O Theatro Municipal é o propulsor da arte, guardião da arte erudita, canto, música e dança, e apresenta toda forma de arte para todos os que estão no Rio de Janeiro. Tem uma posição fundamental para a cultura da cidade. O Rio tem sofrido por não ter suas portas abertas (na pandemia). Estou celebrando meus 40 anos de Theatro Municipal e, então, o teatro vai fazer parte dessa comemoração. Além disso, dia 1º é o Dia da Bailarina. O balé do Municipal, que existe desde 1927 e sempre foi muito importante para a instituição, está sofrendo muito na pandemia, com a falta de espetáculos.
O que o poder público deveria fazer para incentivar a arte e a cultura, tanto na cidade, quanto no estado e no país?

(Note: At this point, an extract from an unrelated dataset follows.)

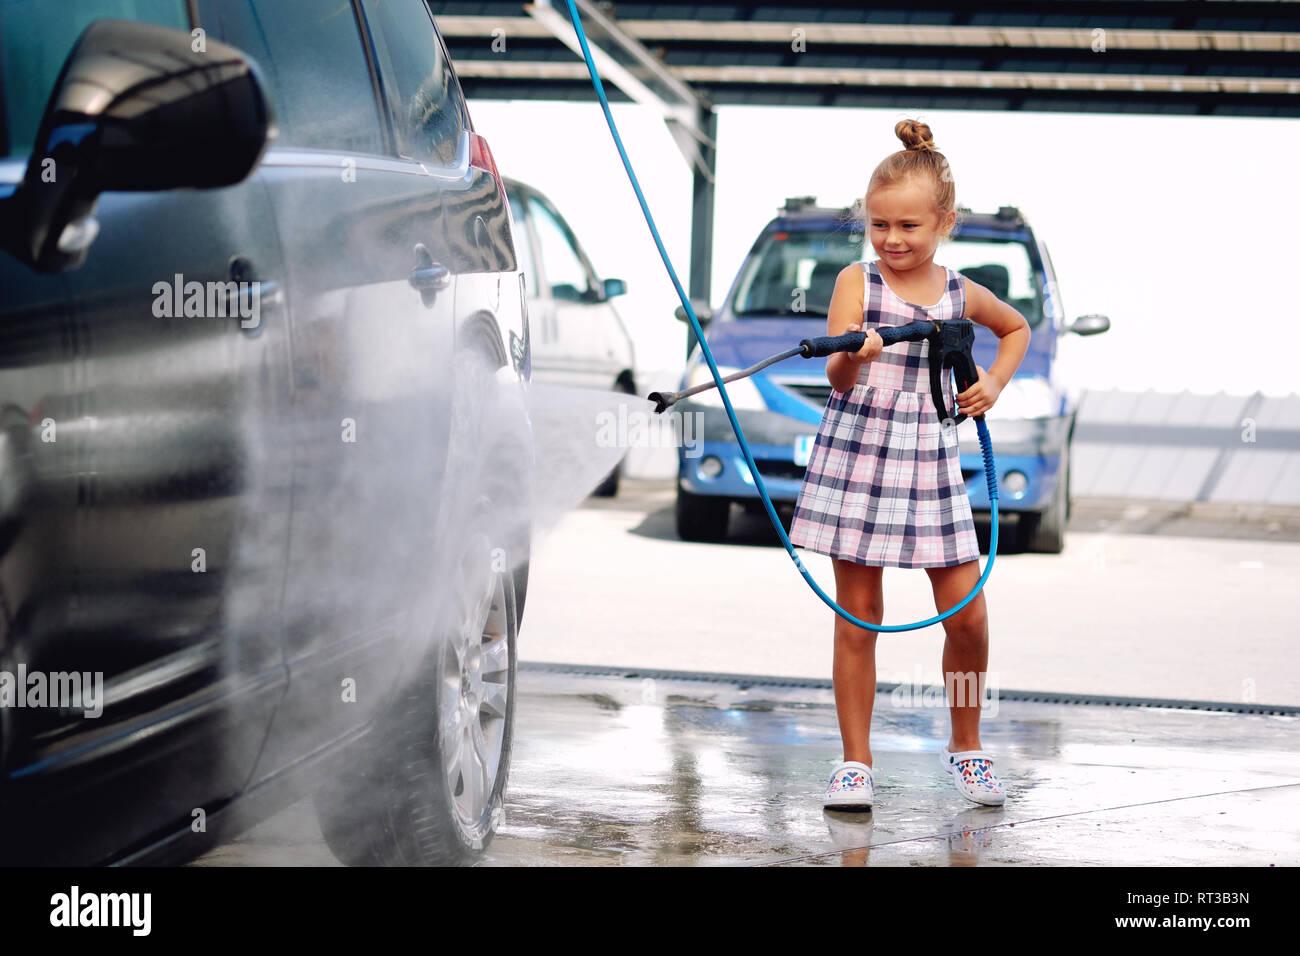 Lovely little preschool girl in summer dress helping to

A arte deve ser incentivada como um todo. No caso da dança, há muitas perdas na pandemia. Muito se fez ao ar livre, mas a dança precisa de locais adequados. Durante a pandemia, usou-se de toda a criatividade e tecnologia em prol do fazer artístico da dança. Mas é necessário que a dança volte ao palco, que as companhias voltem a trabalhar. É preciso incentivo privado e do governo para que novas políticas possam ser pensadas e executadas. Eu sempre sou a favor que incentivos venham do governo, mas também do setor privado. E cada indivíduo é responsável pela sua própria cultura. Ajudarmos o próximo em termos de cultura e produção artística é fundamental, assim como é fundamental a liberdade de expressão.
A arte é um ato político? Com uma polarização política crescente e fake news, sobrou também para a classe artística como um todo, com perdas de investimentos. Como mudar a forma das pessoas pensarem e valorizarem a cultura brasileira?

O fazer artístico com honestidade e lealdade ao palco e à própria arte é a única maneira de valorizarmos a cultura brasileira. Então, é isso que vai fazer as pessoas mudarem em relação à cultura. É fundamental para que as pessoas vejam a arte com a importância que ela deve ter.